* TASK: Copy the data precisely, character for character, and leave out every picture.

* COLLECTED DATA:
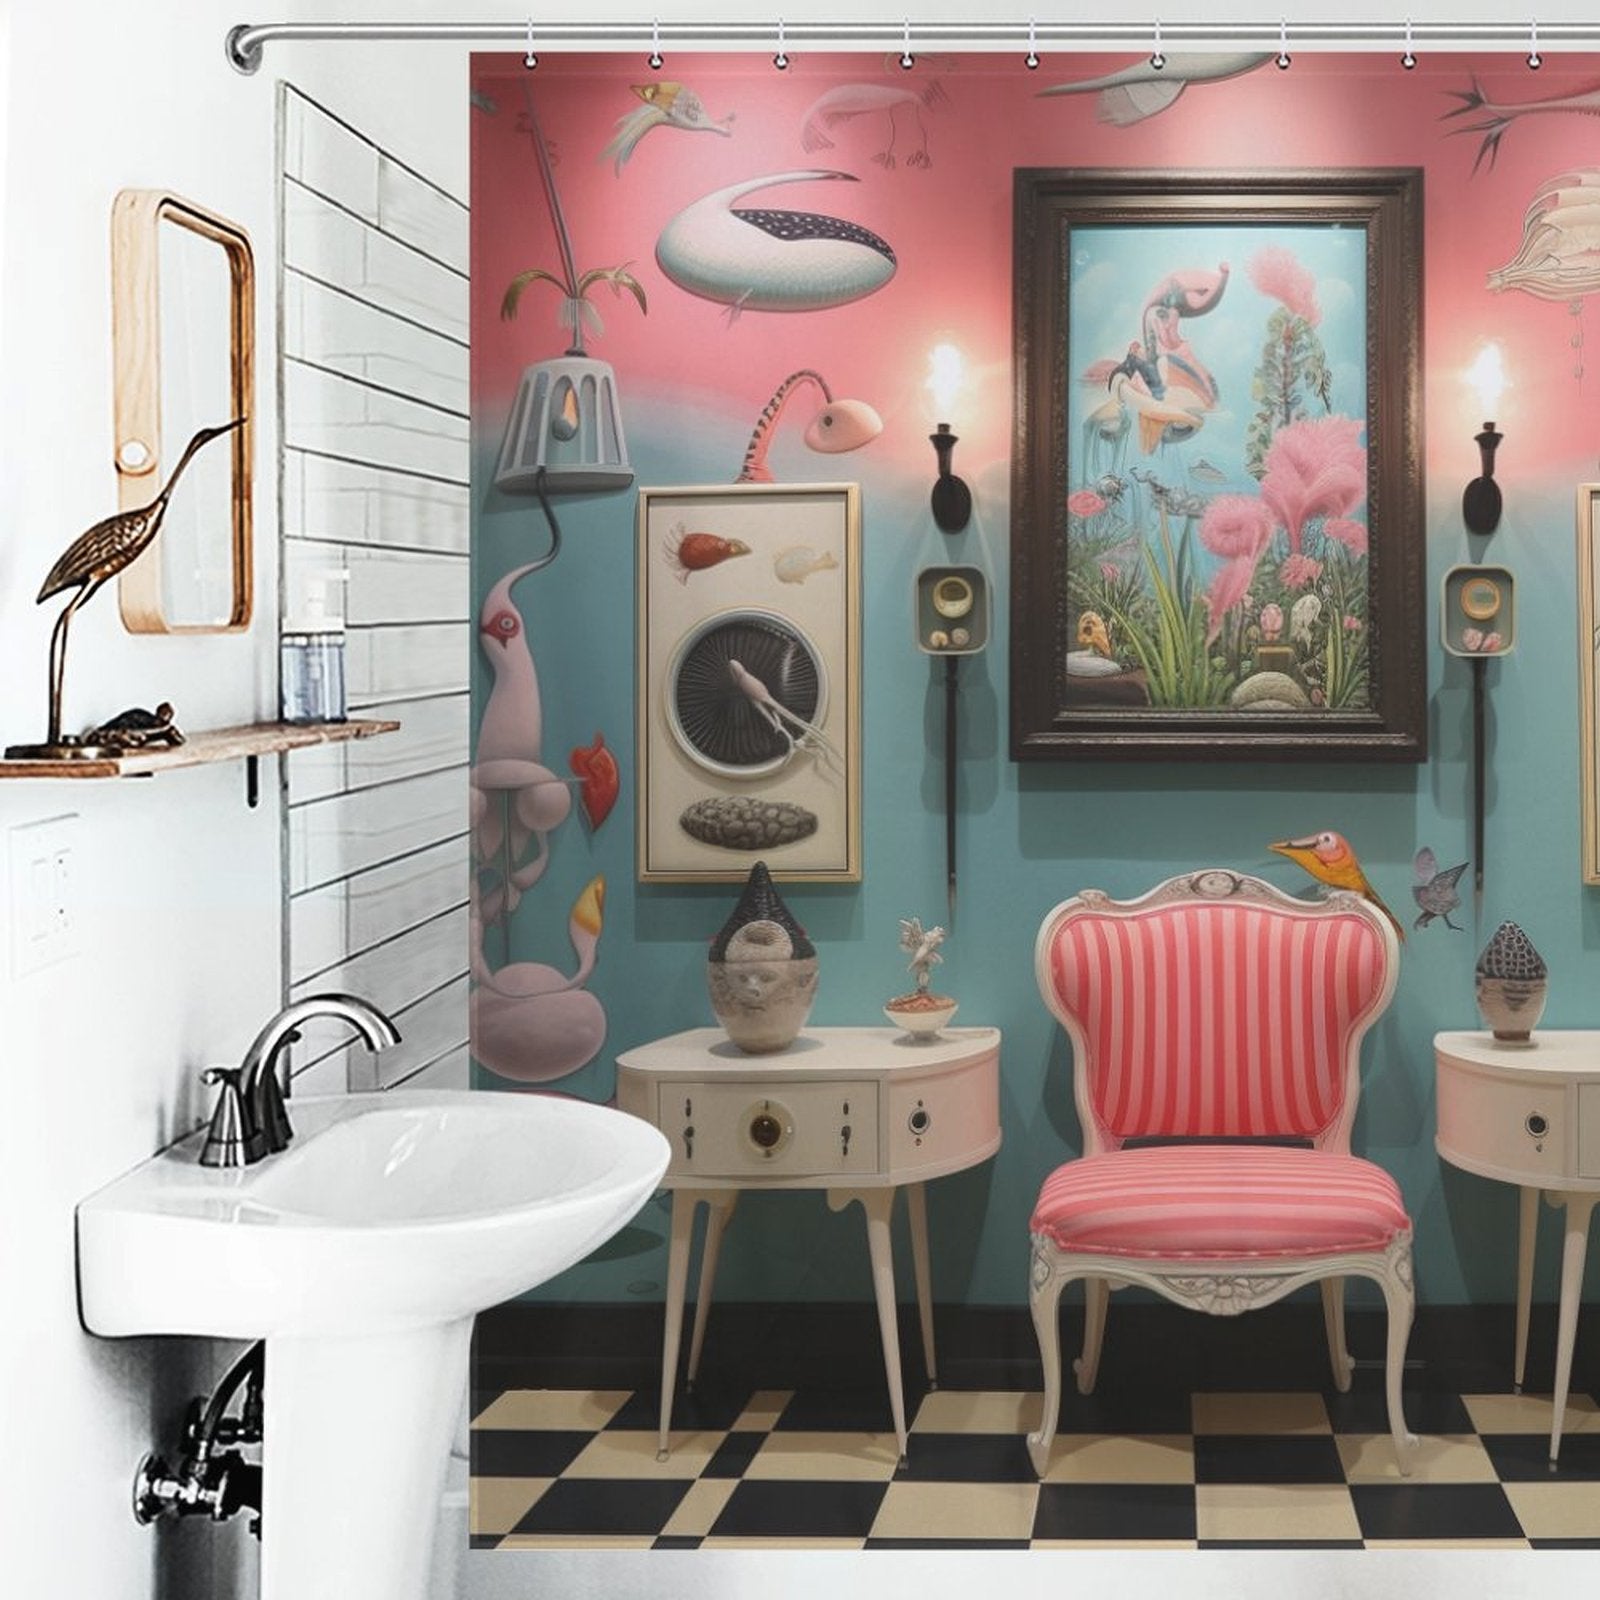 Chic Black & Pink Bathroom Decor
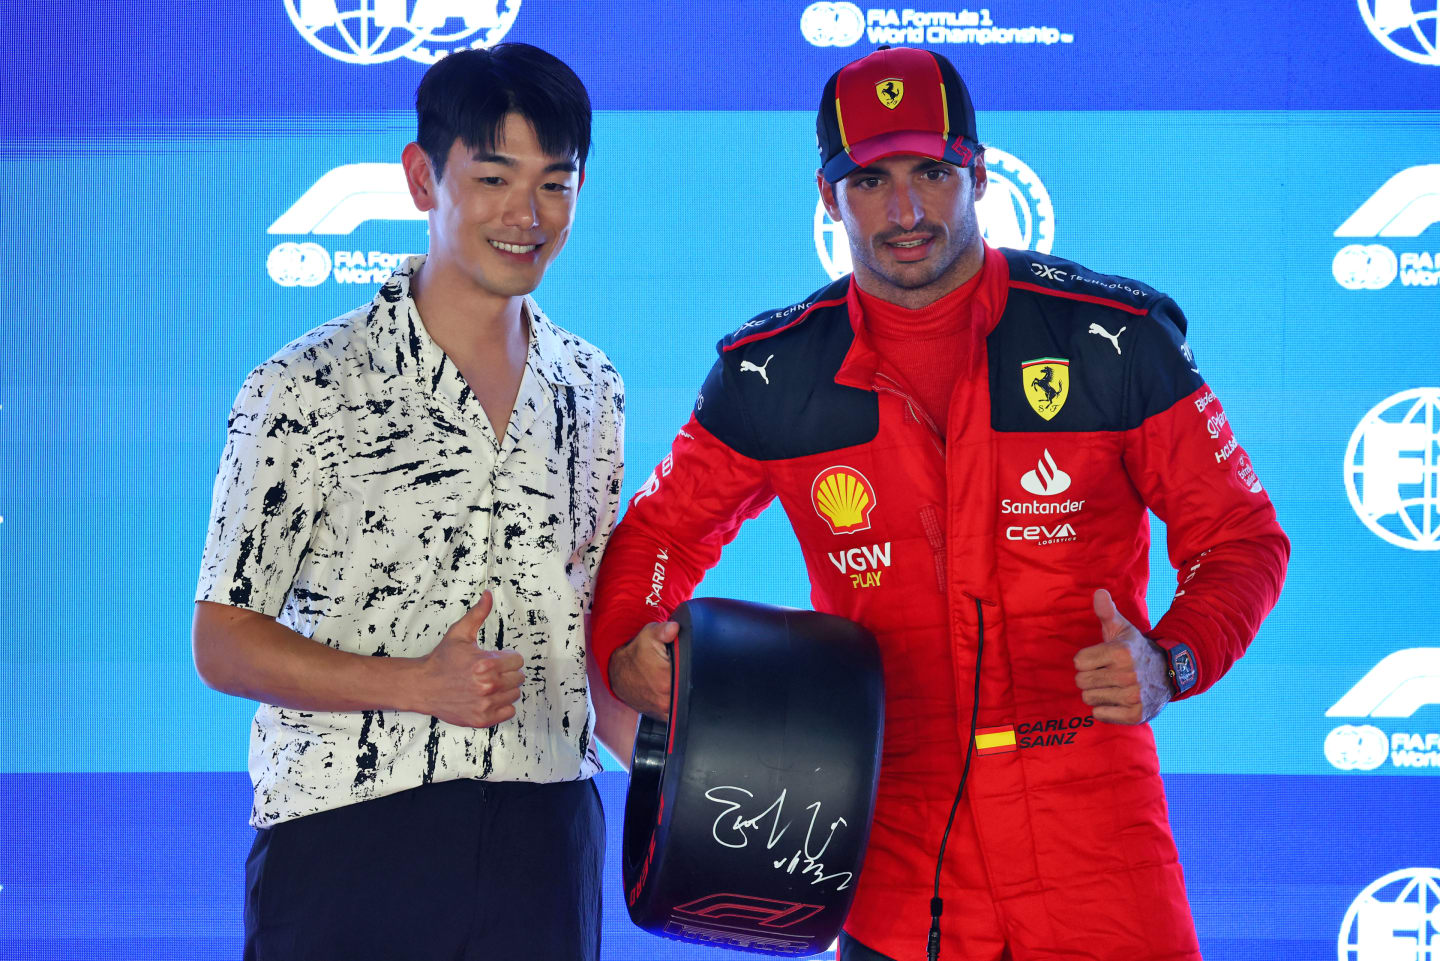 SINGAPORE, SINGAPORE - SEPTEMBER 16: Pole position qualifier Carlos Sainz of Spain and Ferrari is
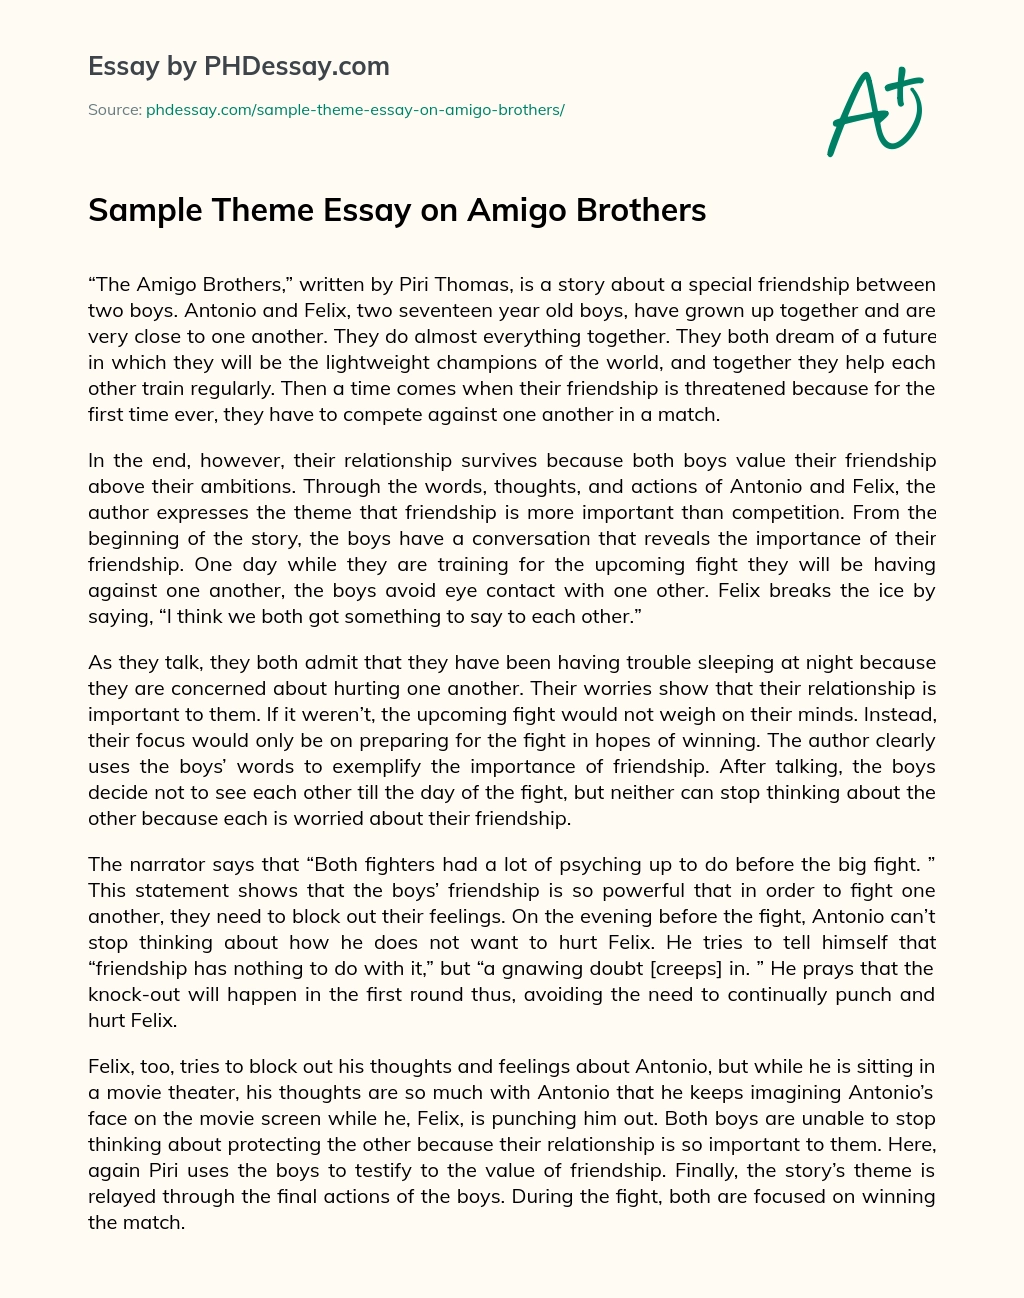 Sample Theme Essay on Amigo Brothers - PHDessay.com
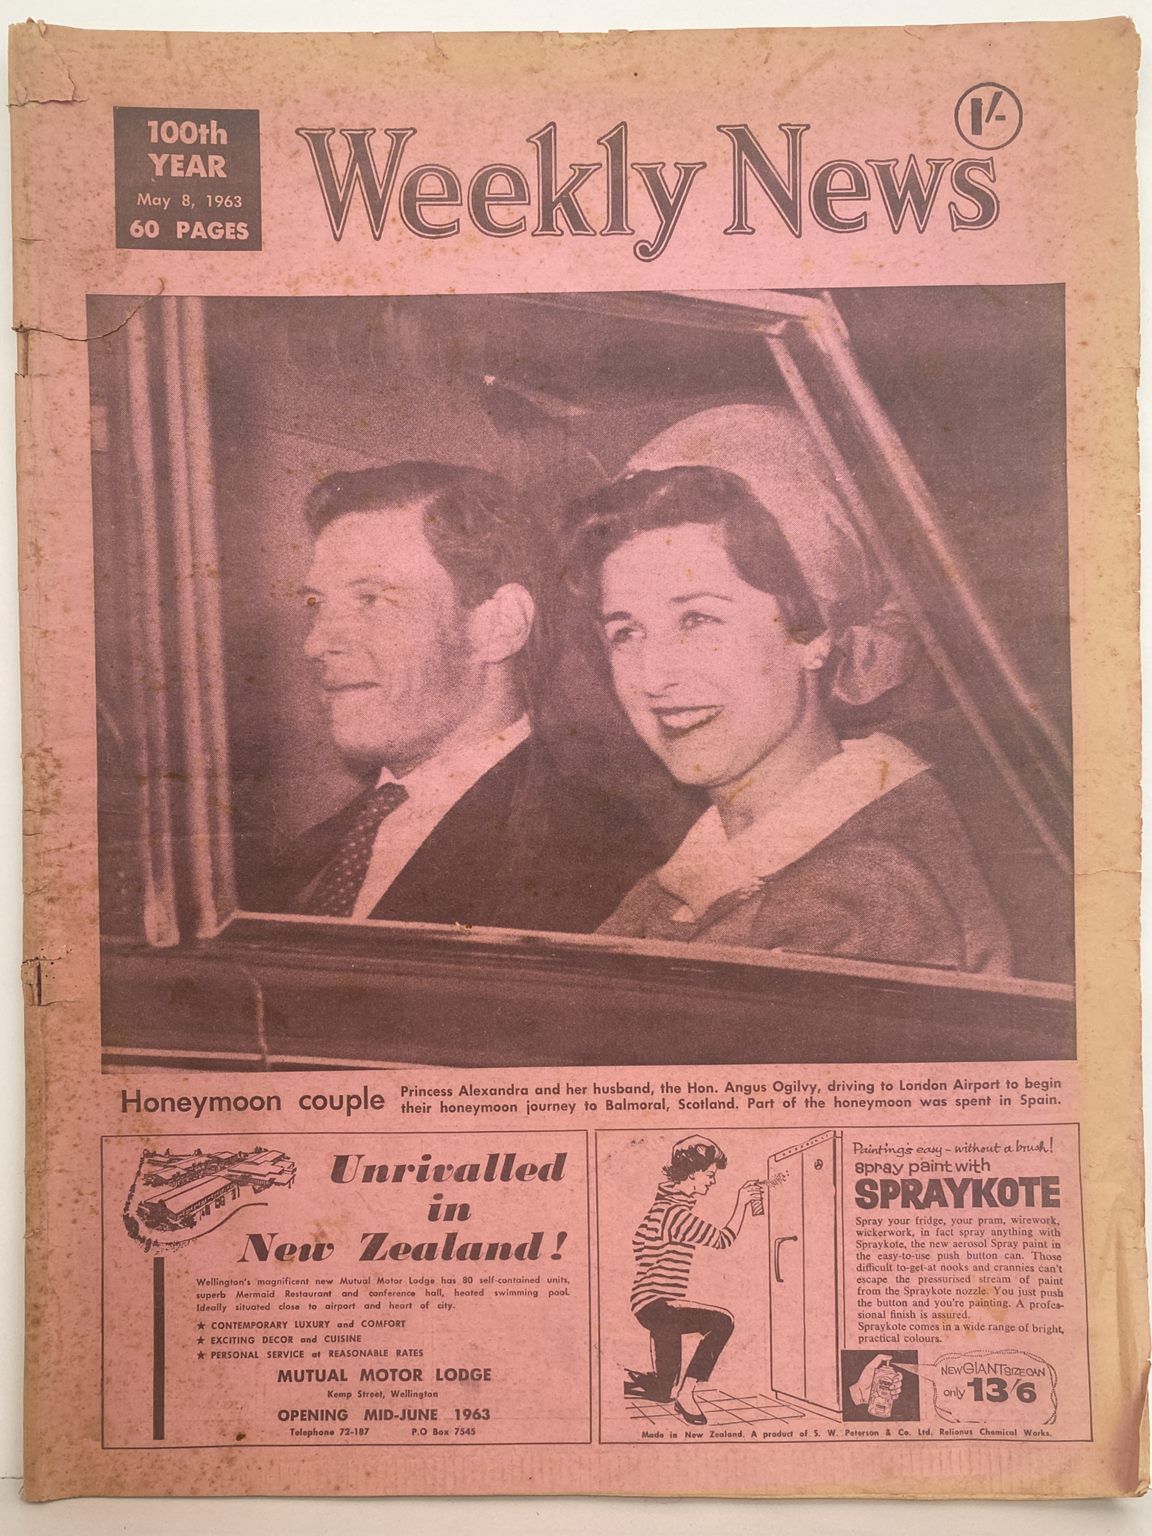 OLD NEWSPAPER: Weekly News - 8 May 1963

* FINAL ANSWER:
 Chic Black & Pink Bathroom Decor
 SINGAPORE, SINGAPORE - SEPTEMBER 16: Pole position qualifier Carlos Sainz of Spain and Ferrari is
 Sample Theme Essay on Amigo Brothers - PHDessay.com
 OLD NEWSPAPER: Weekly News - 8 May 1963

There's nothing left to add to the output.